La opa sólo está pendiente del visto bueno de los accionistas de Vedior, con sede en Holanda, al igual que la compañía por la que, salvo sorpresa mayúscula, va a ser absorbida. La junta general de Randstad ya se pronunció el martes a favor de formular una oferta de 3.300 millones de euros. El periodo de aceptación finaliza el próximo 9 de abril. Randstad pagará 9,50 euros por cada acción de Vedior, en la que controla el 15%. También agregará 0,32759 títulos propios por acción. Tras la fusión, se convertirá en el segundo grupo mundial del sector, por detrás de Adecco y desplazando a la tercera plaza a la estadounidense Manpower.
Las autoridades comunitarias de la competencia sólo han puesto una condición a la compra: que la sociedad resultante se desprenda de sus negocios en Portugal, el único país en el que la fusión se traducía en una peligrosa posición de dominio de mercado. Durante el proceso de análisis, Bruselas detectó problemas similares en Holanda y Bélgica. Pero, finalmente, ha descartado establecer requisitos particulares para estos países.

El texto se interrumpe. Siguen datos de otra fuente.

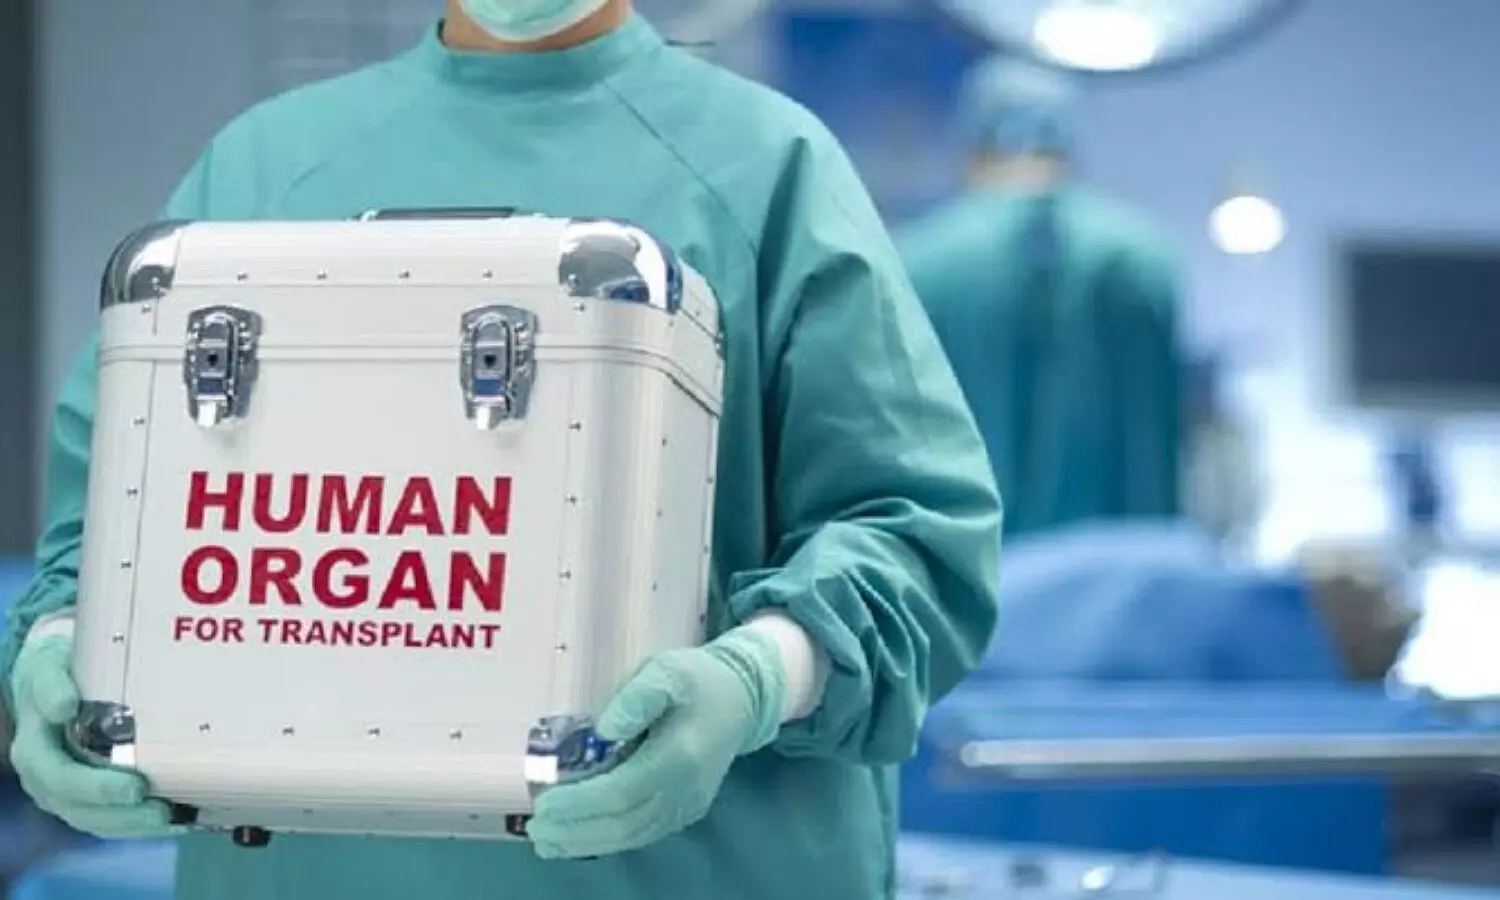 Human organ transplant

El proceso se sigue con expectación desde la sede de Laborman en San Ignacio. Desde la oficina central se controla el hólding de la compañía en España, formado por la agencia de colocación, la consultoría de formación Serlab y la firma Vexter, dedicada a la externalización de servicios. Unos 150 profesionales desempeñan su labor en las instalaciones bilbainas. El cambio de propietarios afecta particularmente a las 70 personas dedicadas a tareas de administración adscritas a los servicios generales.
estructura sin definir Tal y como adelantó DEIA en febrero, Randstad planea desmantelar la estructura del hólding y traspasarla a Madrid. El esqueleto restante se convertiría en una potente oficina de coordinación del área norte, donde Laborman goza de una amplia implantación. Sin embargo, un portavoz del grupo explicó ayer que la configuración del nuevo grupo está "en el aire". Ambas compañías han formado un equipo de integración para determinar el itinerario que seguirá la fusión país por país. Los resultados de su trabajo se darán a conocer a partir del 9 de mayo.
Laborman es una de las 50 mayores empresas vascas por volumen de facturación, excluyendo a bancos, cajas de ahorro, aseguradoras y otras empresas financieras. Anualmente mueve un negocio bruto por valor de 200 millones de euros. Su presencia en Bizkaia no sólo representa una abundante fuente de actividad para los sectores auxiliares de servicios. Además, paga sus impuestos en la Hacienda foral del territorio. La pérdida de la sede social sería, no obstante, asumible para las arcas vizcainas.
El problema es alarmante si se agrega Laborman a la larga lista de compañías que han abandonado Euskadi como consecuencia de cambios en la estructura de su accionariado. Firmas tan conocidas como Azertia, Landata, Viajes Ecuador, Seguros Bilbao o Seguros La Aurora han tomado por esa vía el camino a Madrid y, en menor medida, a Barcelona.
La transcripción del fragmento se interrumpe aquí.